▸ Work to be completed
As you print the data below, keep every line exactly as it is and leave the images behind.

▸ Exercise data
*** Block opens ***
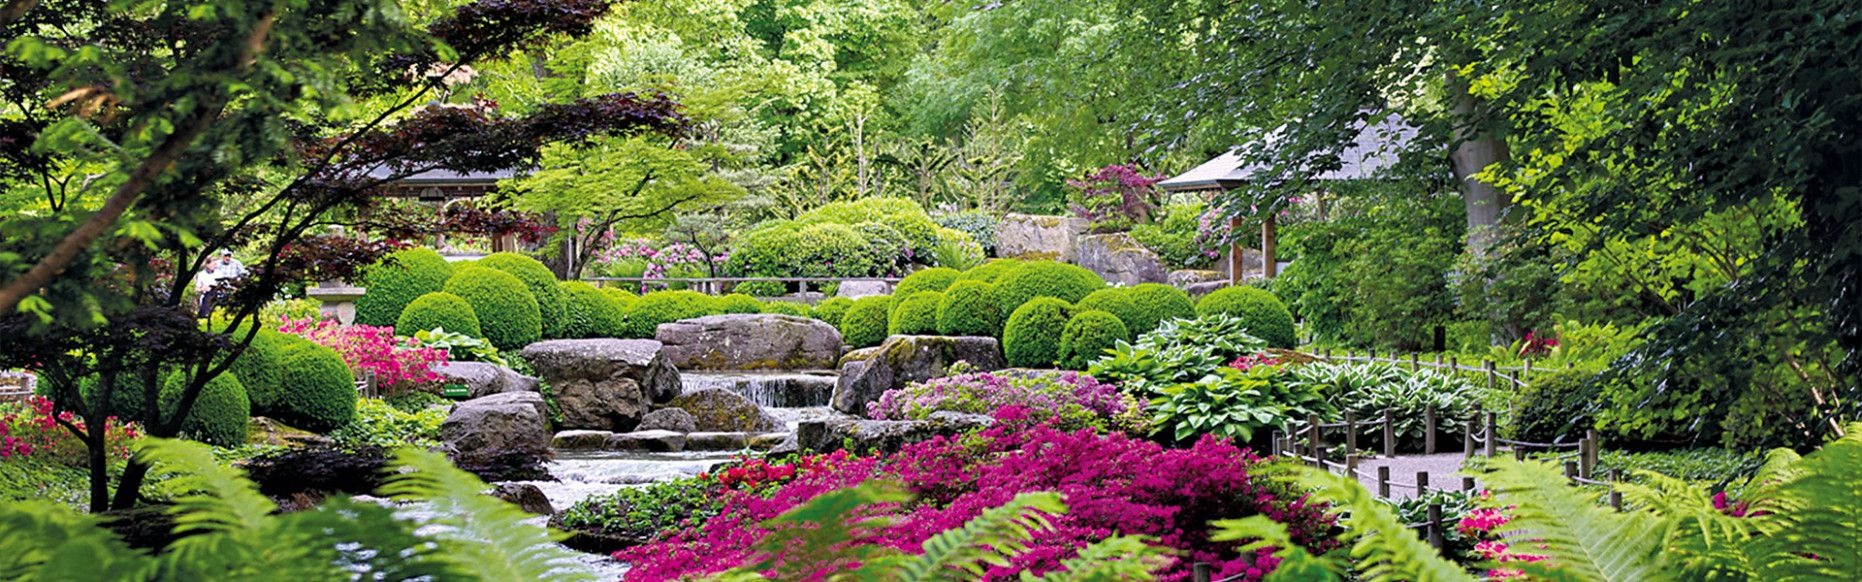 Augsburg Garten In 2021 Garten Botanischer Garten Augsburg Japanischer Garten
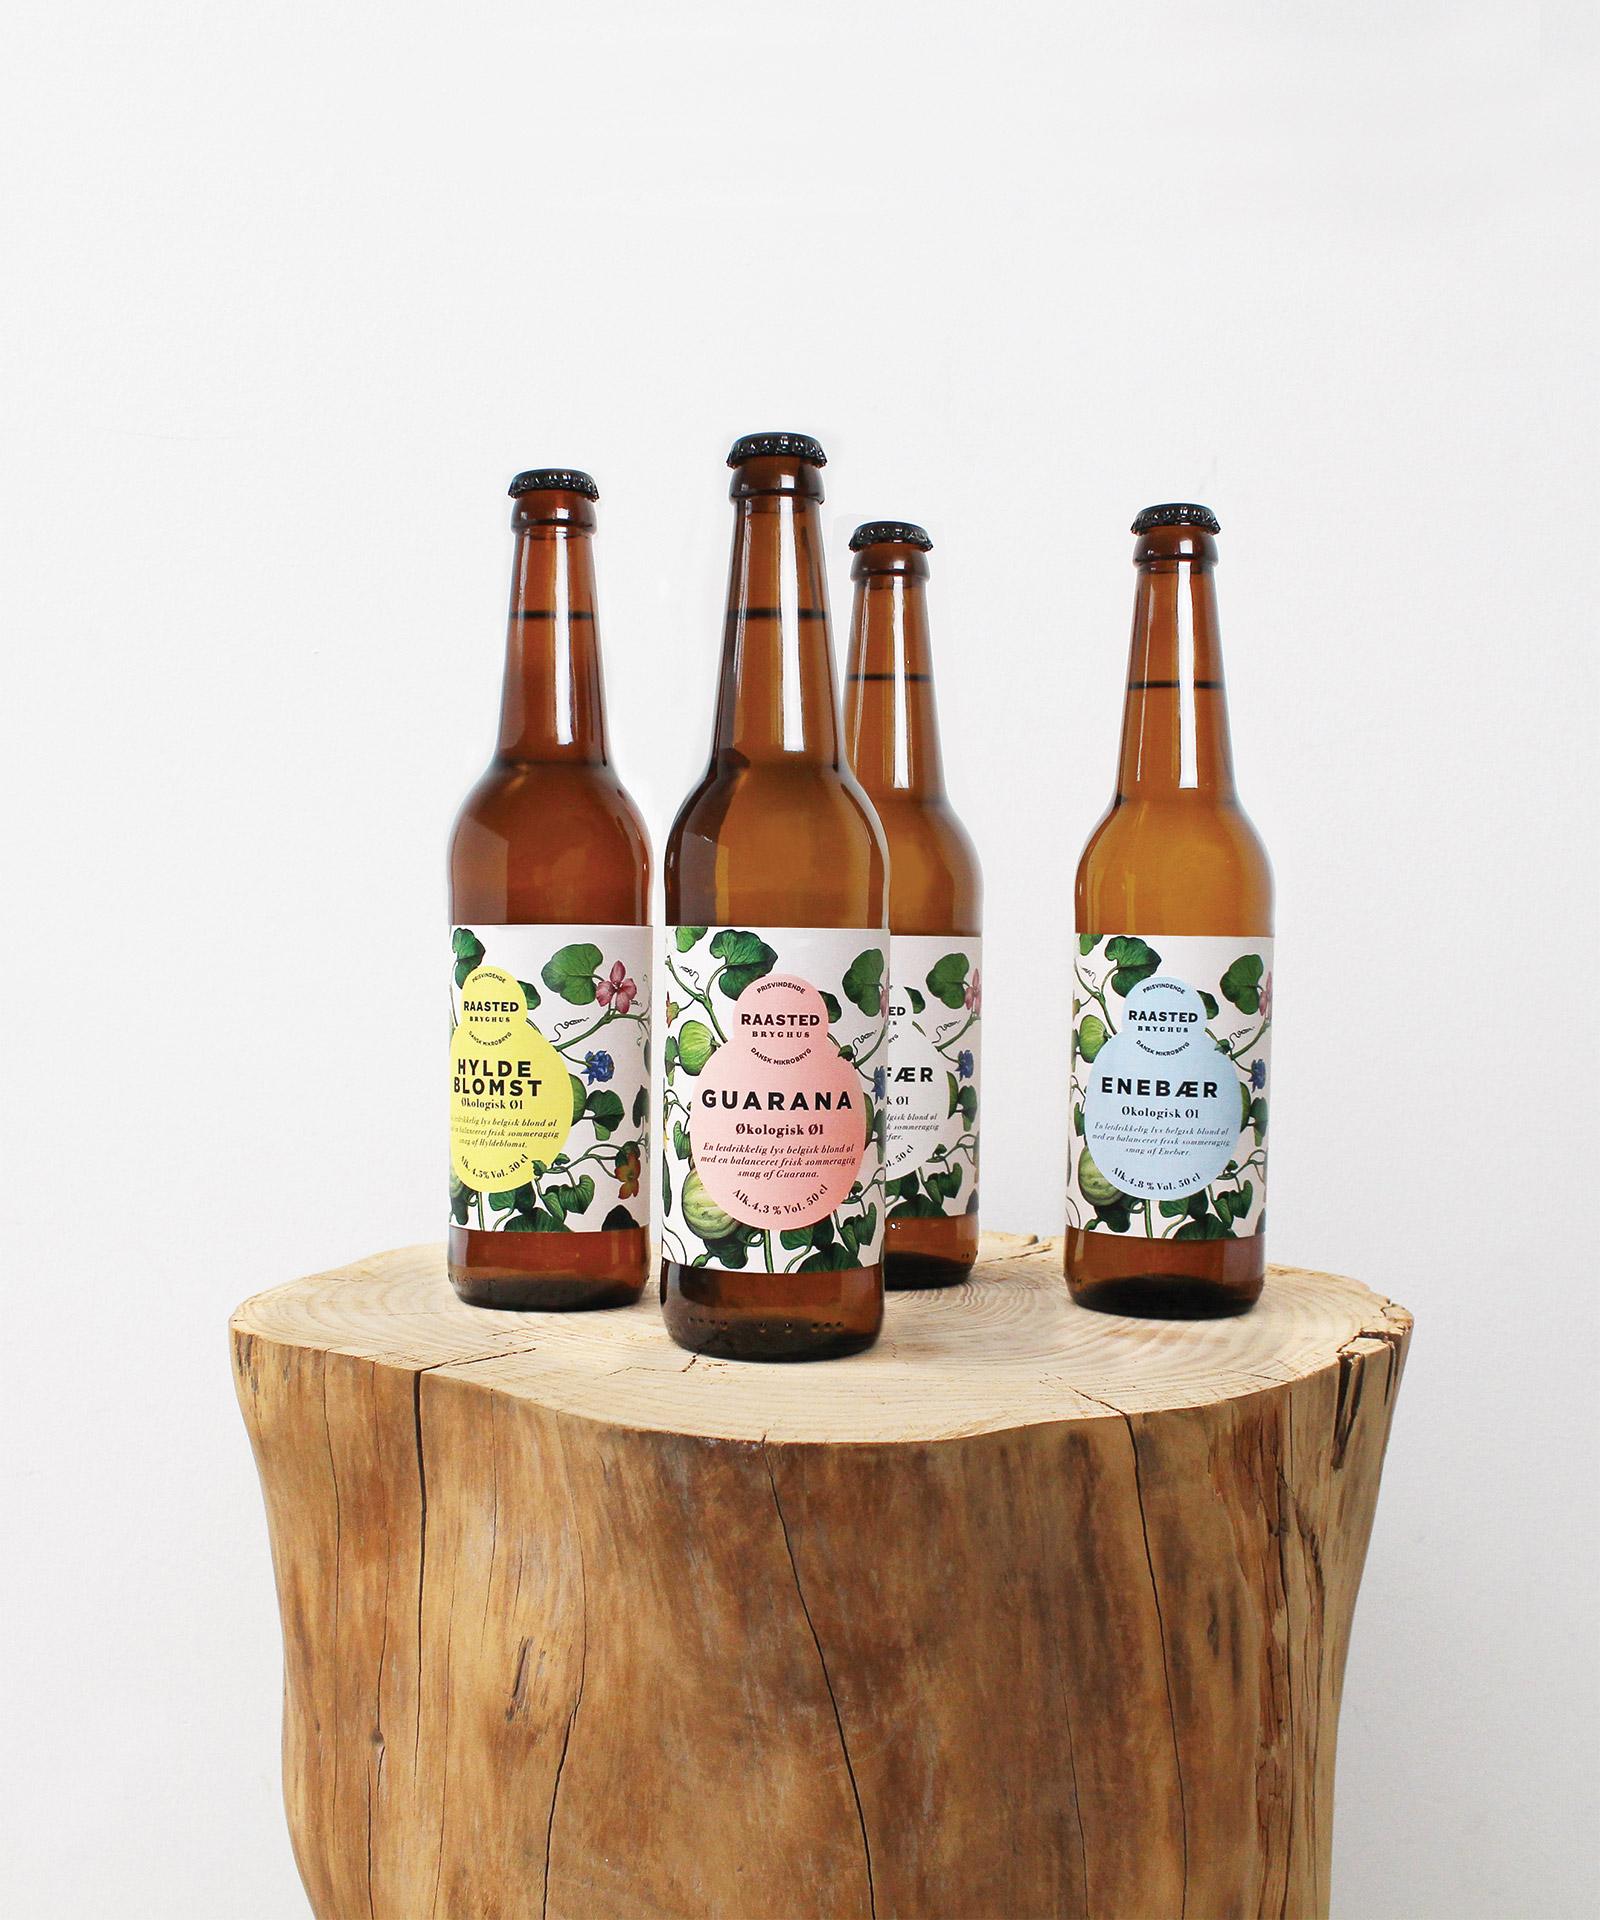 RAASTED ORGANIC — The poetry of beer craft
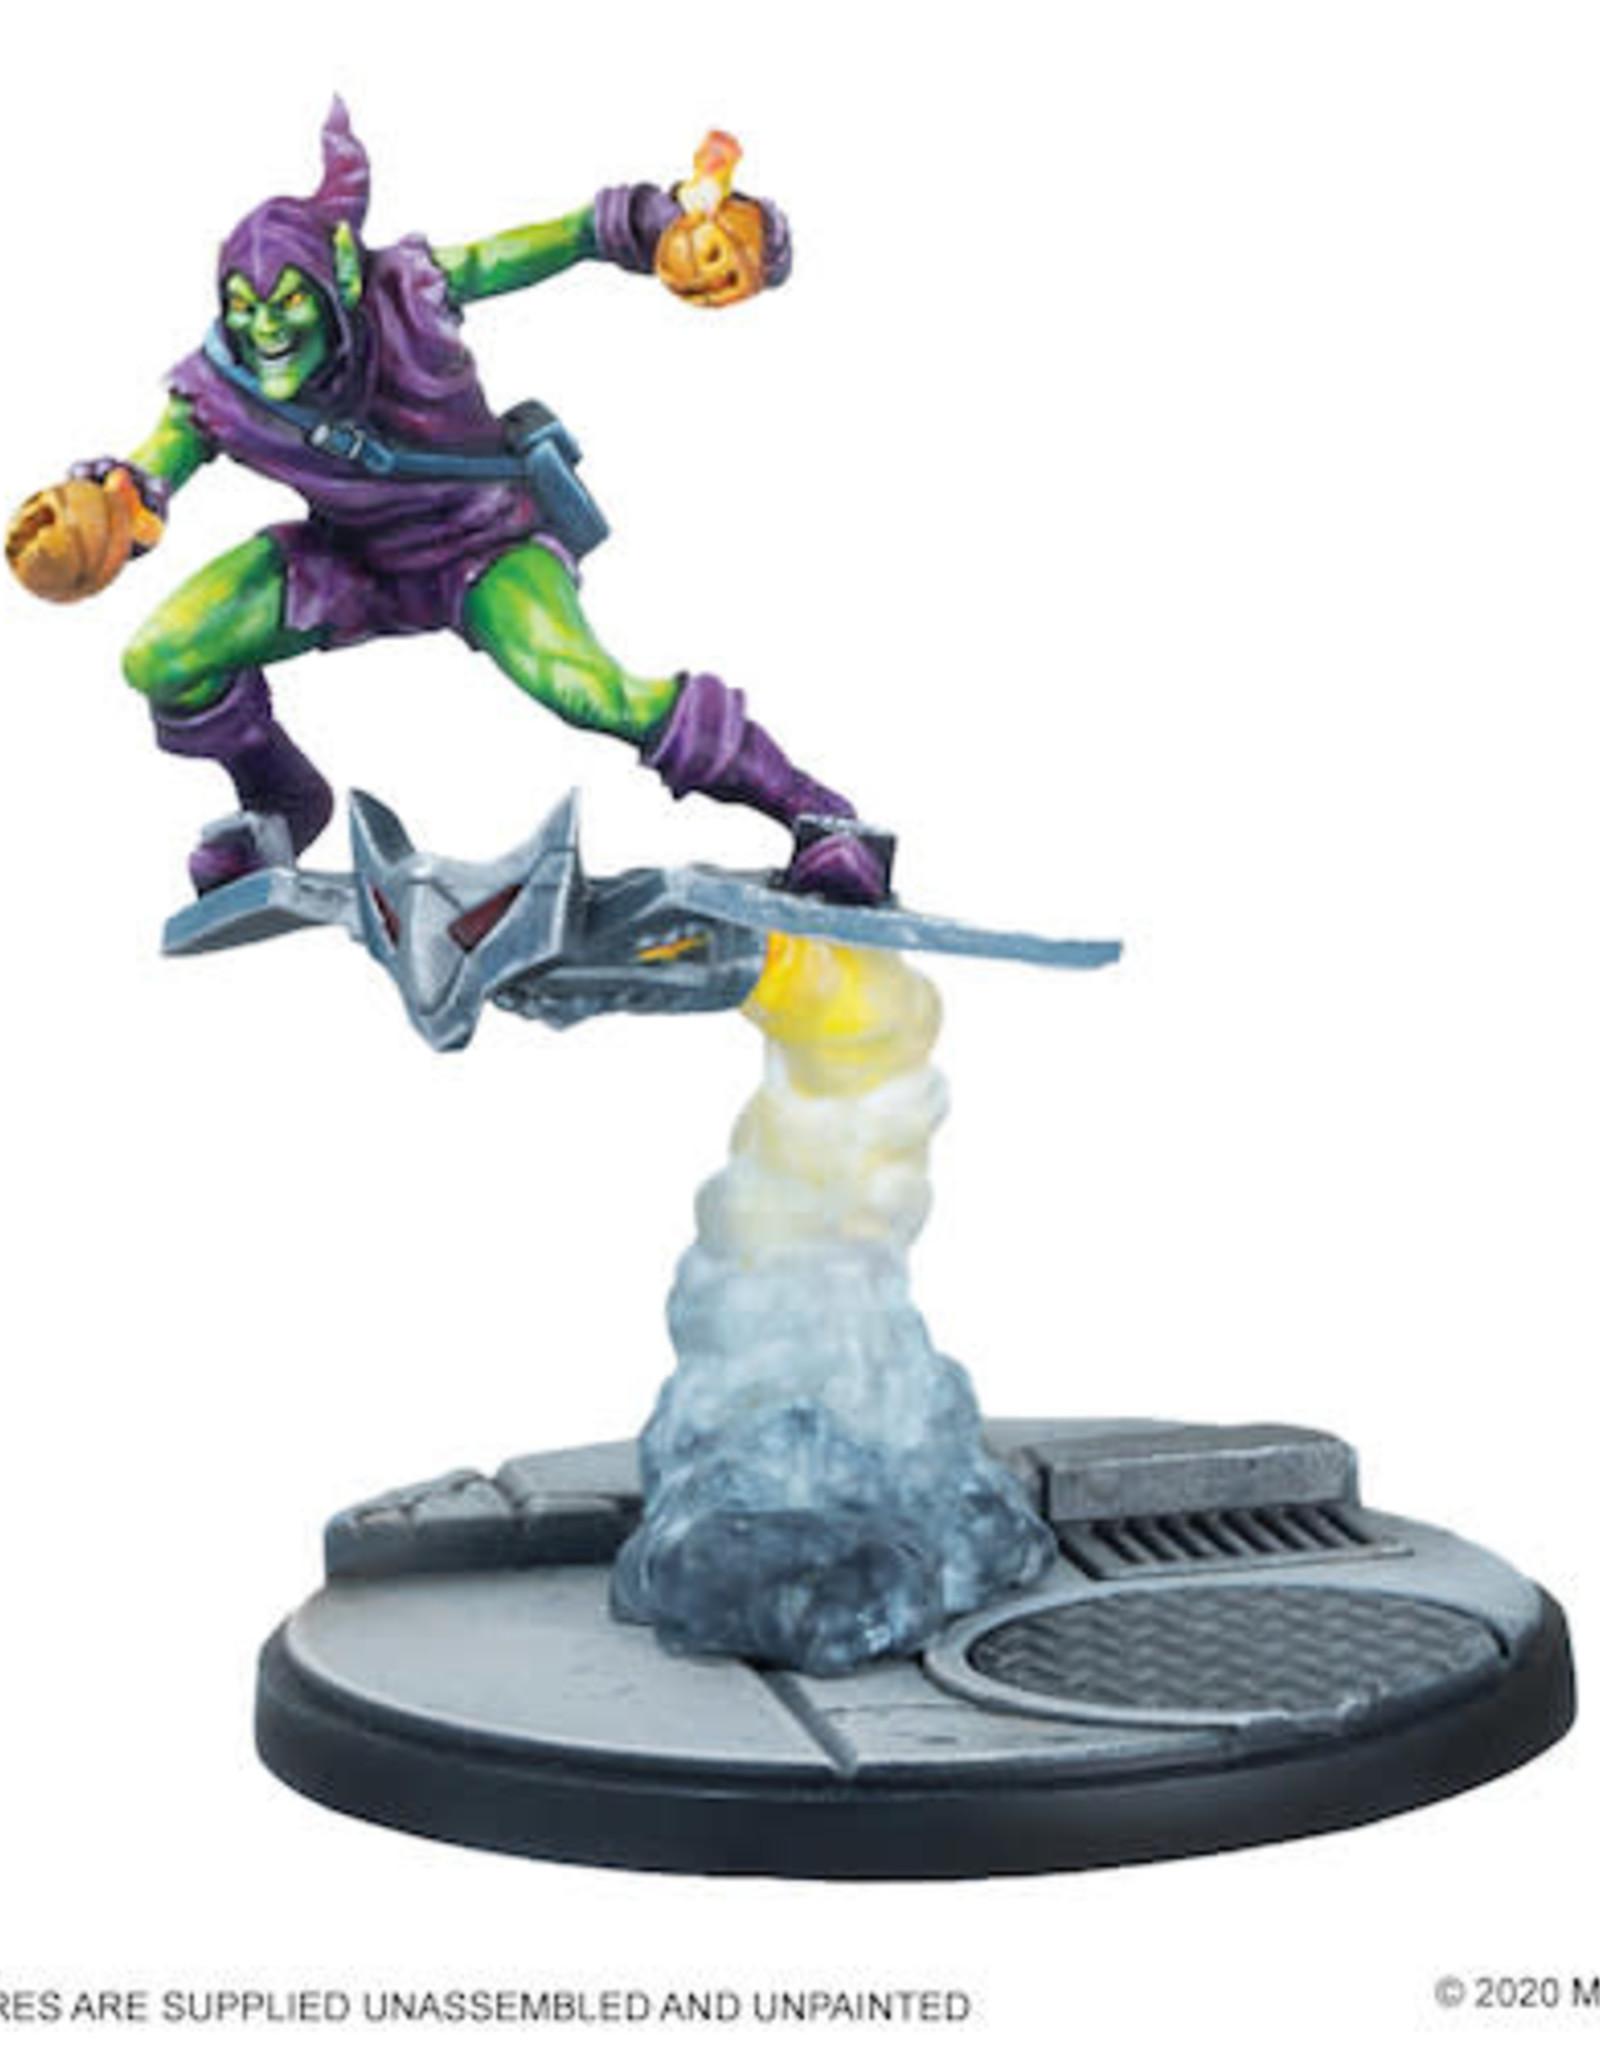 Atomic Mass Marvel Crisis Protocol: Green Goblin
*** Block closes ***
▸ Finished exercise
 Augsburg Garten In 2021 Garten Botanischer Garten Augsburg Japanischer Garten
 RAASTED ORGANIC — The poetry of beer craft
 Atomic Mass Marvel Crisis Protocol: Green Goblin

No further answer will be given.